In these epic dramas there are long, poetic passages as well as narrative parts. Early in the seventeenth century Takemoto Gidayu, noted samisen player and puppet showman, invented a more brilliant presentation of puppet shows to the accompaniment of Joruri recitation and samisen music. His shows were popular with the nobility, the populace and the Samurai (who enjoyed the warlike elements in them) and he, too, was summoned to perform at the palace of the Emperor. In 1685 he established a stationary marionette theatre in Osaka called Takemoto Za. For this theatre some of Japan’s best classic dramas were written. One playwright, Chikamatsu Monzayemon, the Shakespeare of Japan, together with his pupils, wrote about one hundred pieces for these puppets. In 1703 a rival theatre was founded in Osaka by a pupil of Gidayu. It was called Toyotake Za and it also had its able dramatists and enthusiastic following.

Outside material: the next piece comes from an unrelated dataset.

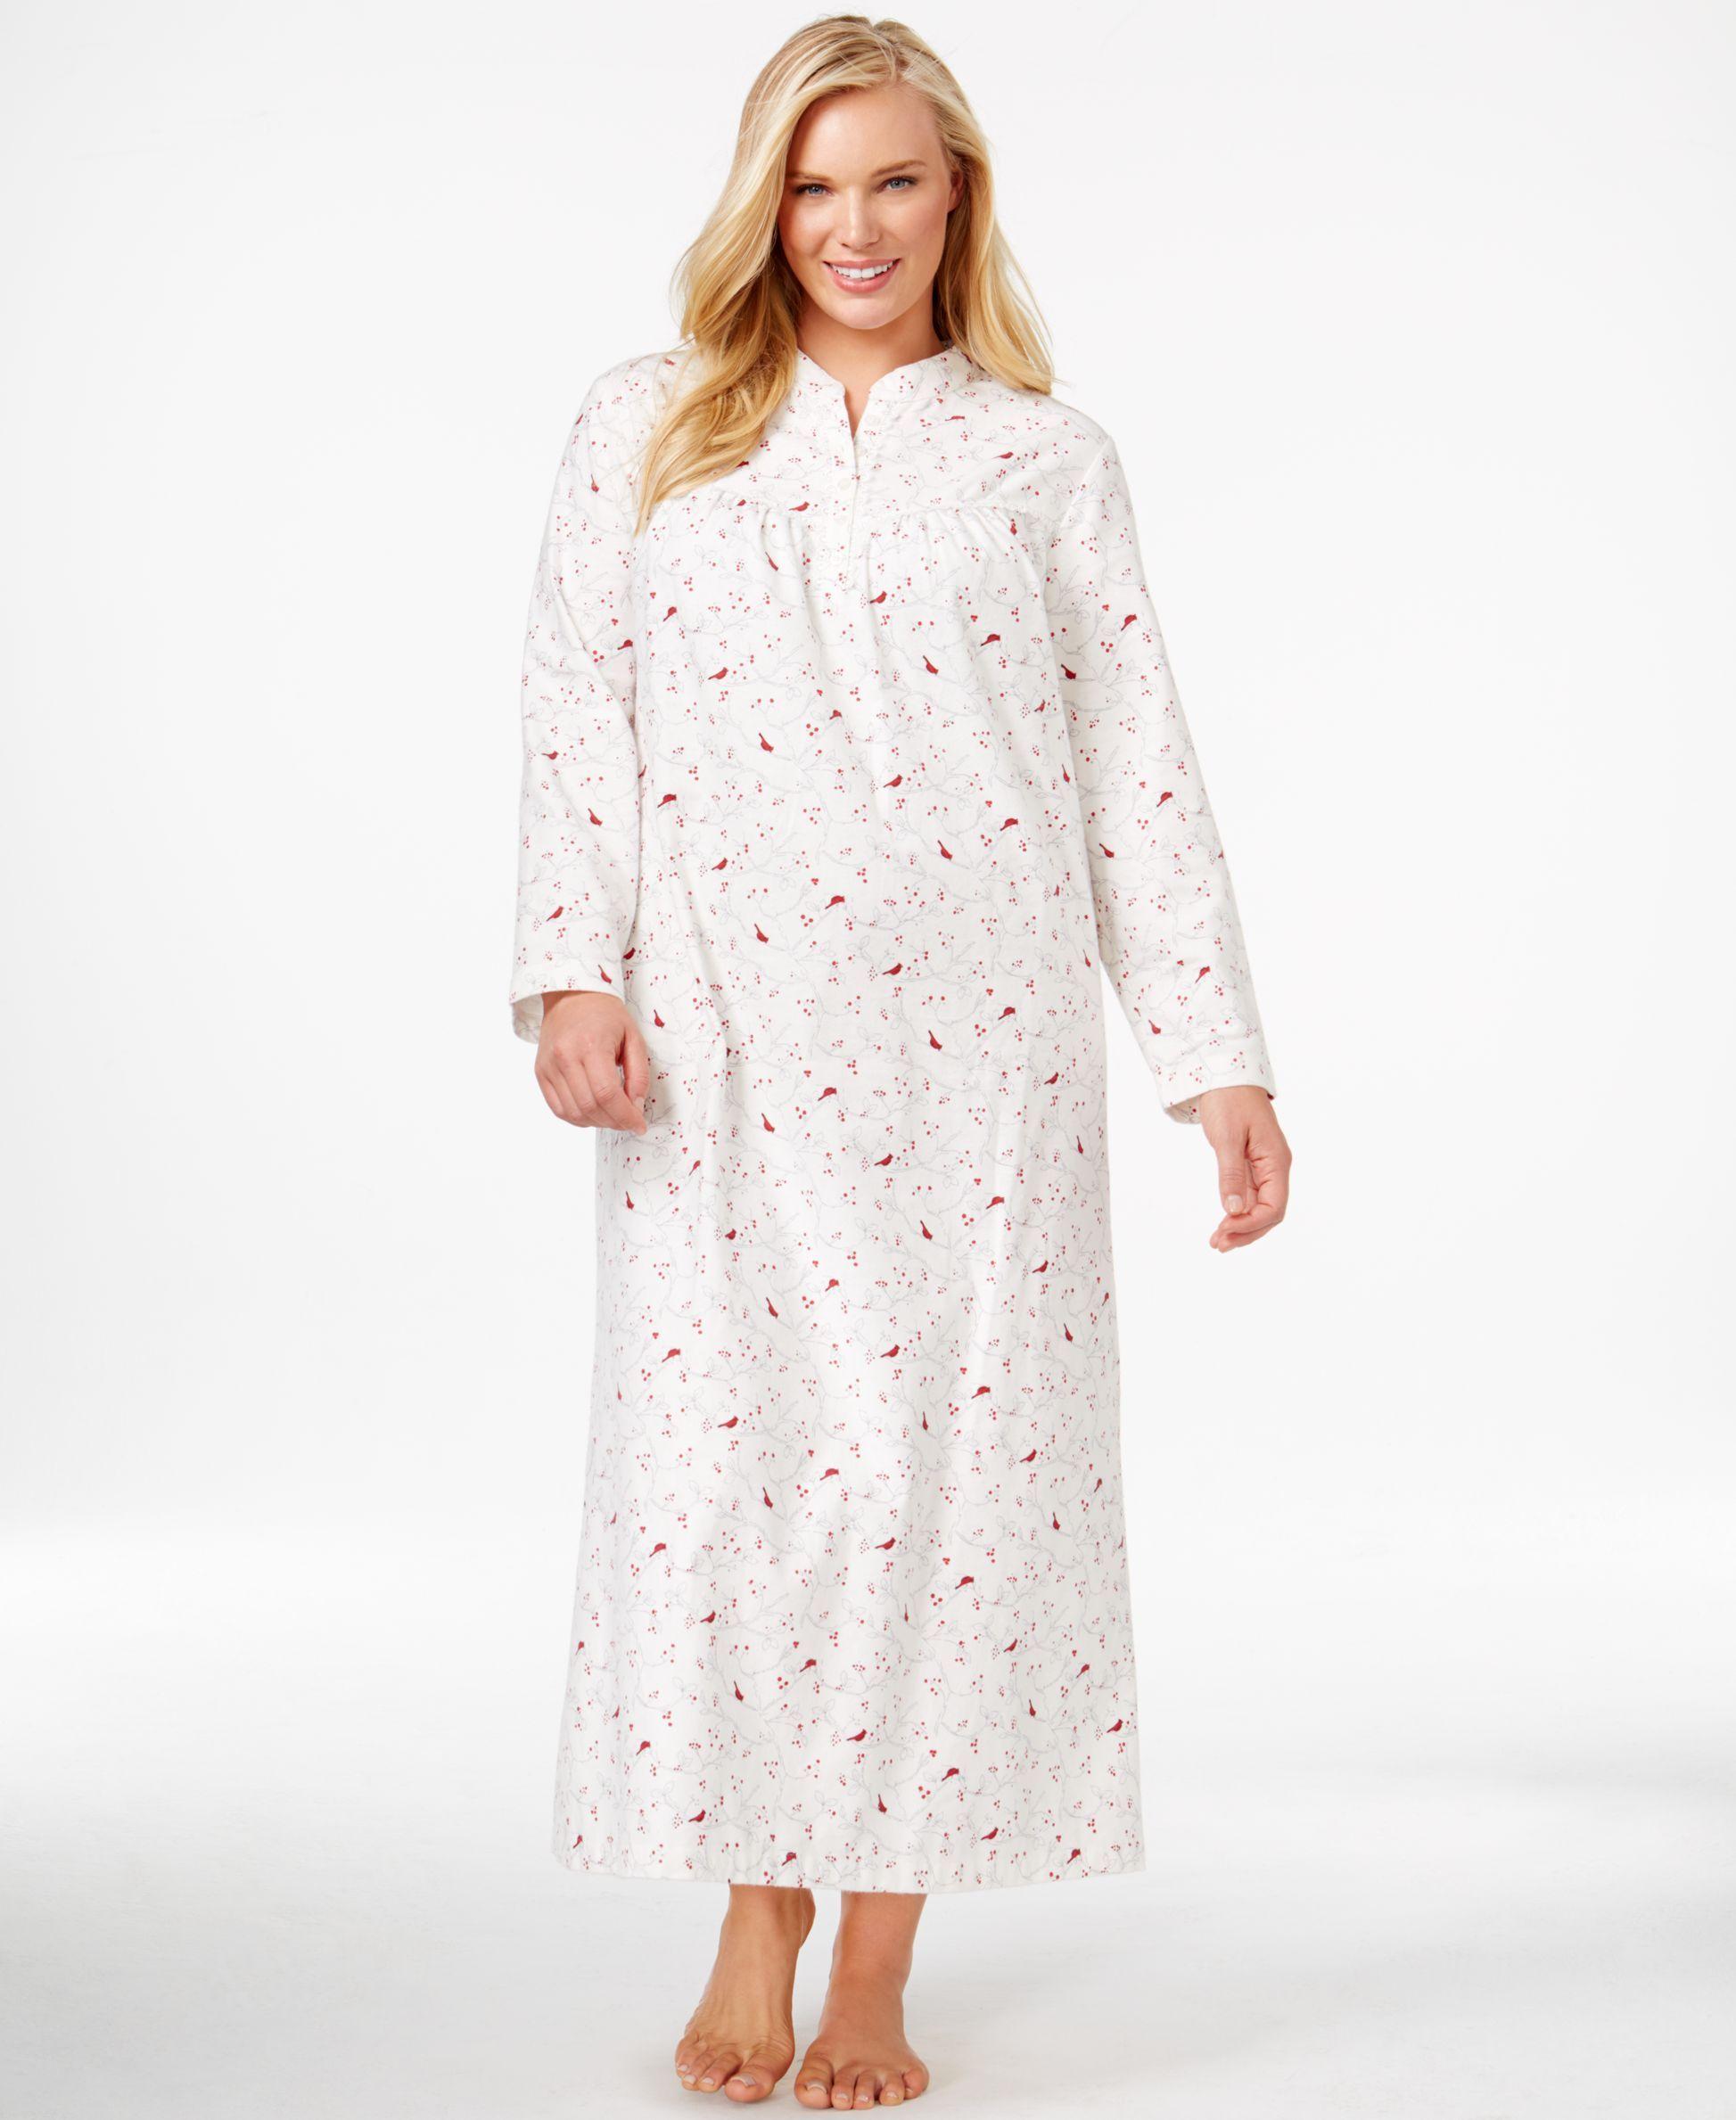 83718ffdaa3 Charter Club Plus Size Long Flannel Nightgown

The two theatres were at their zenith early in the eighteenth century; Izuma and Sosuki wrote for them. A few of their plays were in a realistic vein, such as, The Woman’s Harakari at Long Street, or more frequently they were of a heroic temper, The Battle of Kokusenya, or The Loyalty of the Five Heroes, The Revenge of the Soga Brothers, and often they were such romantic affairs as the hopeless passion of two young lovers with the familiar ending of their double suicide called shinju.